MICHAEL THORN's
review
slightly expanded from Literary Review, September
issue...:
Shylock's
Daughter by Mirjam Pressler, translated by Brian Murdoch, could
be called a 'novelisation' of Shakespeare's play, 'The Merchant
of Venice', except that I can think of few previous novelisations
of a film or play that succeed so brilliantly in creating a world
and atmosphere of their very own. Set in The Ghetto, Venice, in
1568, at the turn of the Jewish year 5327/8, this is an extraordinarily
powerful novel, with the author telling a "very Jewish story" in
which her sympathies are solidly on the side of Shylock, who emerges
here as a tragic figure of considerable nobility. His daughter Jessica's
rejection of her Jewish heritage, for the sake of an intoxicated
romance with a Gentile, is treated with scant sympathy.
At
the end of the novel, Shylock sees his biggest mistake as not having
acted quickly enough in the business of choosing a husband for Jessica.

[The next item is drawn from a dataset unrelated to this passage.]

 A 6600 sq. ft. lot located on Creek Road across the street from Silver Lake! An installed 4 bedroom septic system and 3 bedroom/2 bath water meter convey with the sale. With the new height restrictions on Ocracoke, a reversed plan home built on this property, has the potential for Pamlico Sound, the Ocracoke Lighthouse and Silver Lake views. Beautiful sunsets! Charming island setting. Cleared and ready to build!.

A novel that comes down so heavily in favour of arranged marriages
inside closed systems of faith, as opposed to a romantic and multicultural
free-for-all, is certain to arouse strong reader reactions. In my
view, as in Shakespeare's (by inference), Jessica deserves a greater
level of authorial understanding. Adult readers who enjoy the novels
of Chaim Potok, and their examination of Orthodox Jews who manage
to hold onto a changed but enlightened faith, will find much to
admire in Pressler's novel, but they will miss Potok's identification
with a yearning to experience unfamiliar manners.
The
book adds a major new character to Shakespeare's cast. Dalilah,
Shylock's foster-daughter, contributes first-person voice chapters
throughout the narrative and becomes Pressler's true heroine, leaving
the Ghetto but staying within the traditions of her faith.